EXERCISE DESCRIPTION: Using the data that follows, give again word for word the lines between the one holding "Una carta de" and the one holding "Leica Ernst Leitz", inclusive. Omit the pictures.
Start of PROVIDED INFORMATION
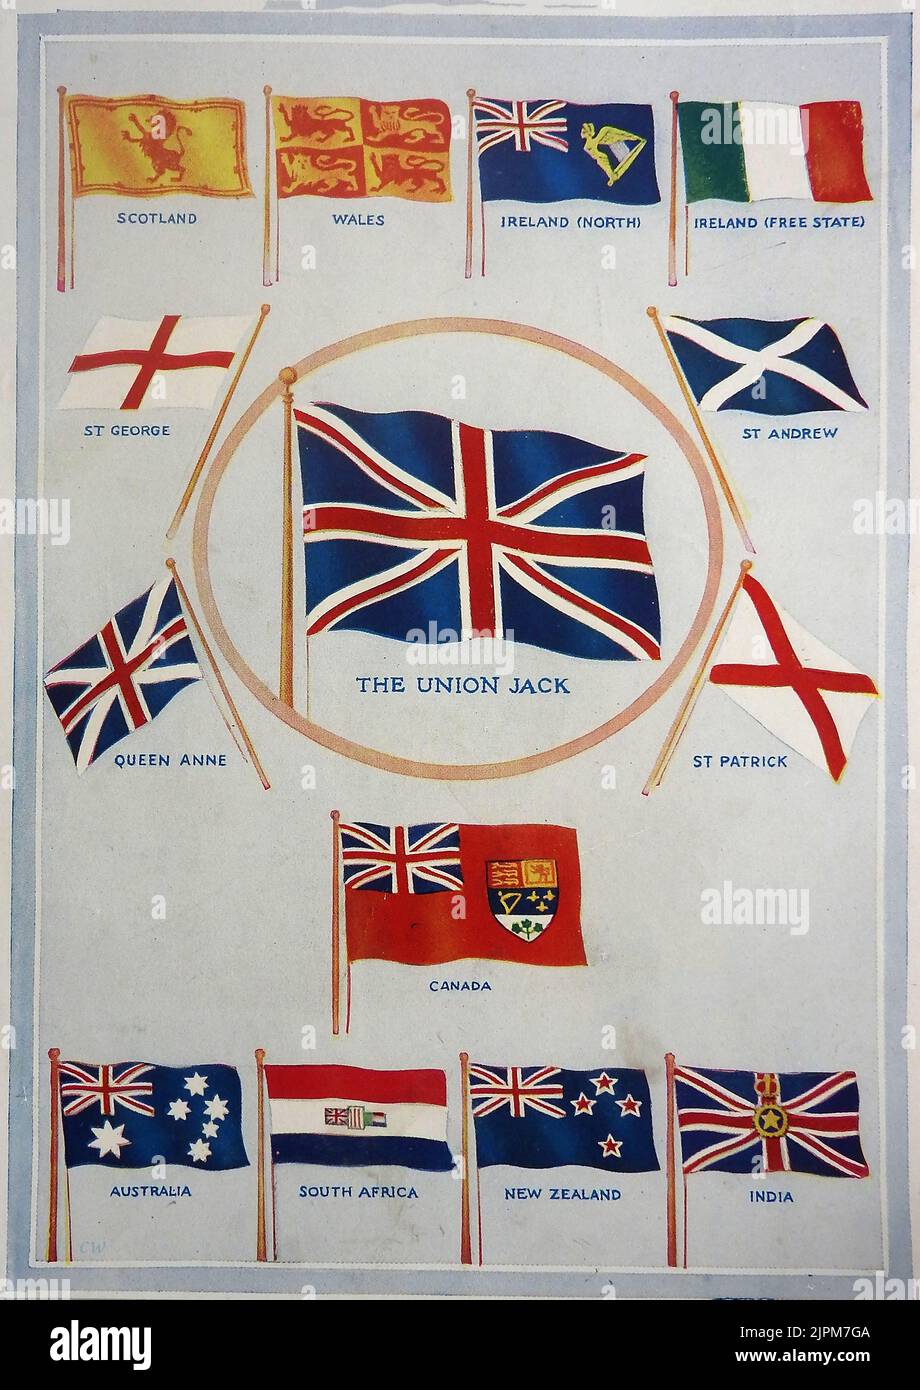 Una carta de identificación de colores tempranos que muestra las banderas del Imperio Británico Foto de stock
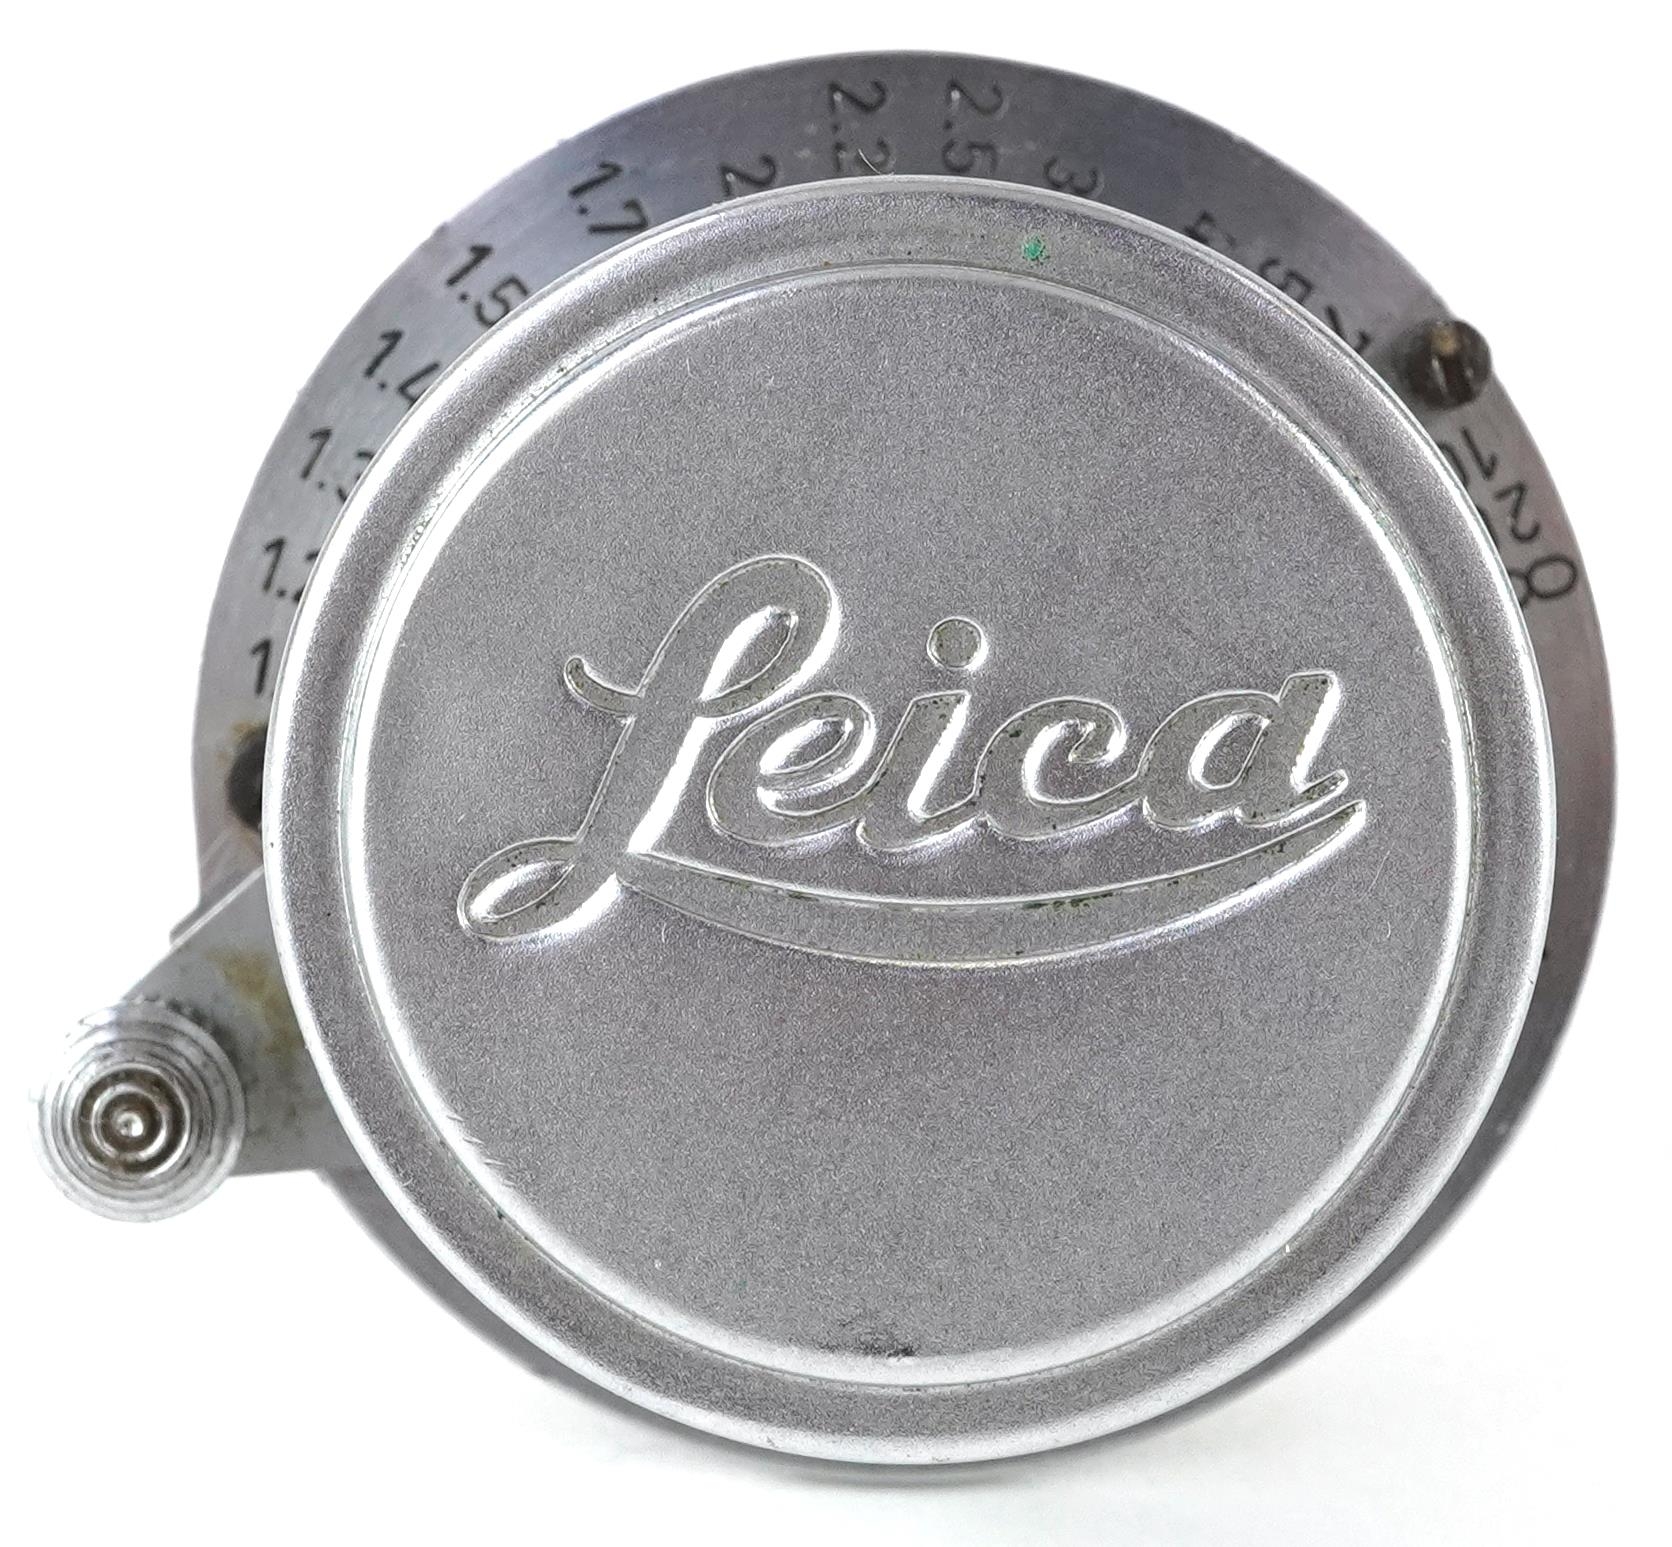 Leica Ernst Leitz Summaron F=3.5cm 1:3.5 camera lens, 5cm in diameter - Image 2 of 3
End of PROVIDED INFORMATION
Start of PROVIDED INFORMATION
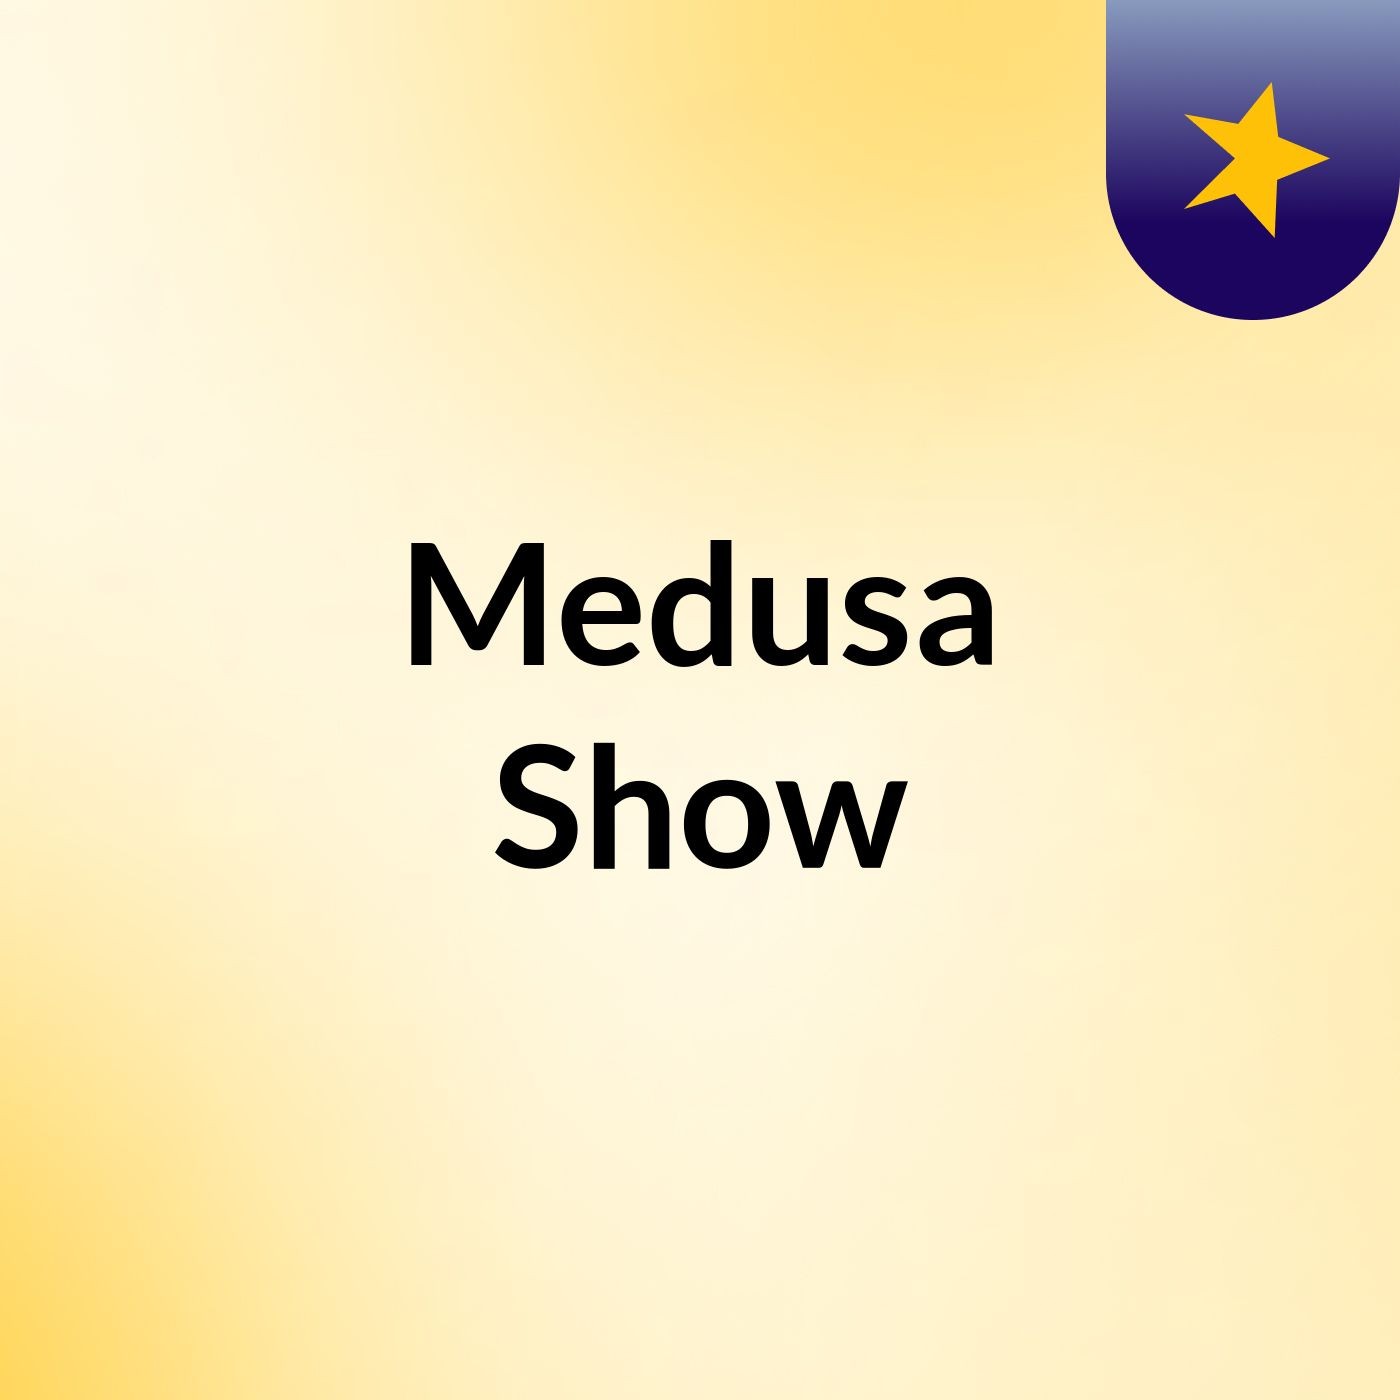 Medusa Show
End of PROVIDED INFORMATION
Start of PROVIDED INFORMATION
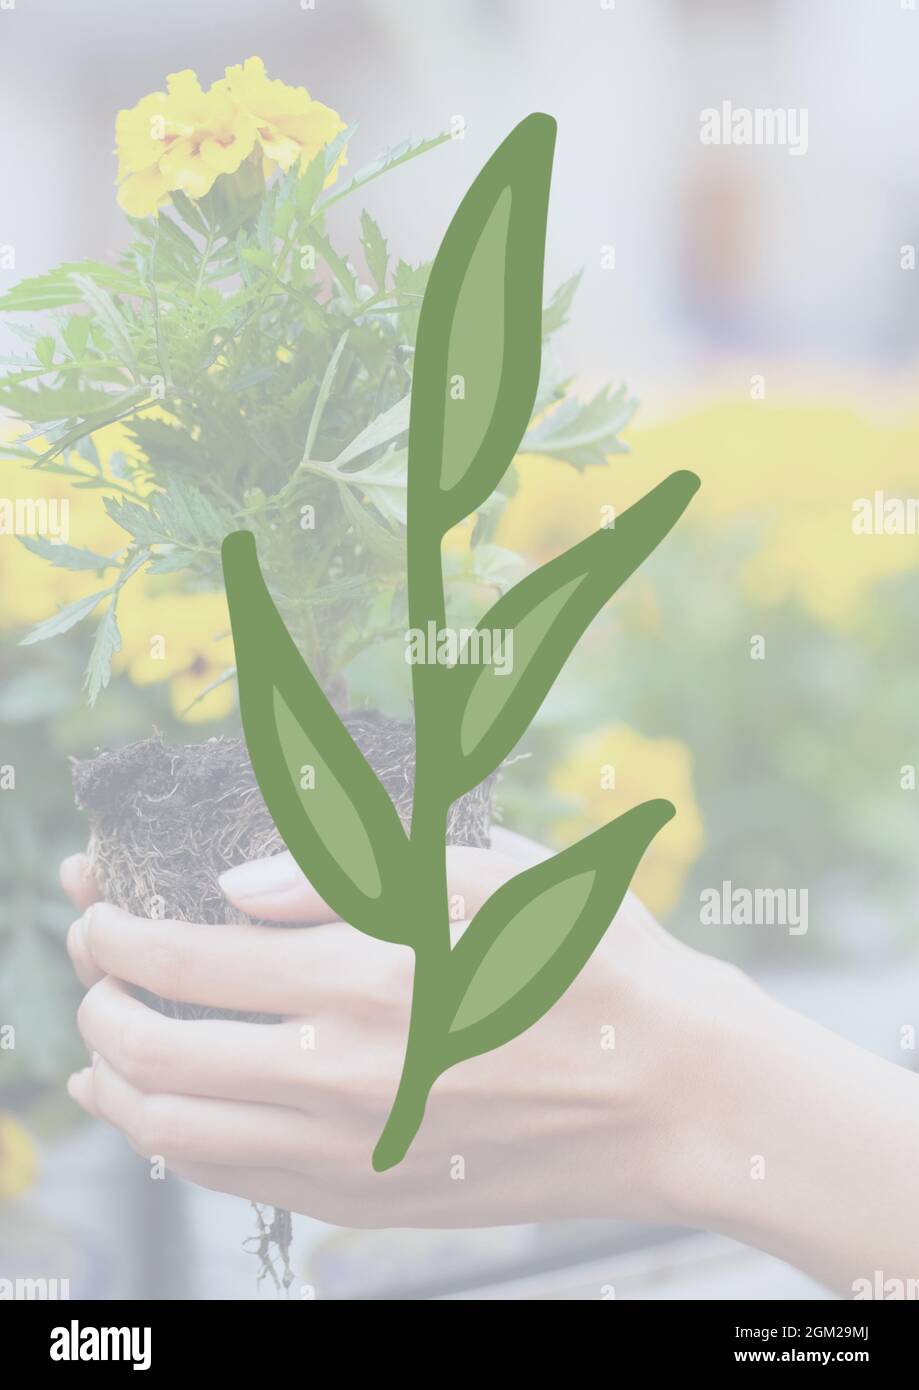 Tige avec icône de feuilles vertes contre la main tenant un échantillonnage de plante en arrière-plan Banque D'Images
End of PROVIDED INFORMATION
ANSWER:
 Una carta de identificación de colores tempranos que muestra las banderas del Imperio Británico Foto de stock
 Leica Ernst Leitz Summaron F=3.5cm 1:3.5 camera lens, 5cm in diameter - Image 2 of 3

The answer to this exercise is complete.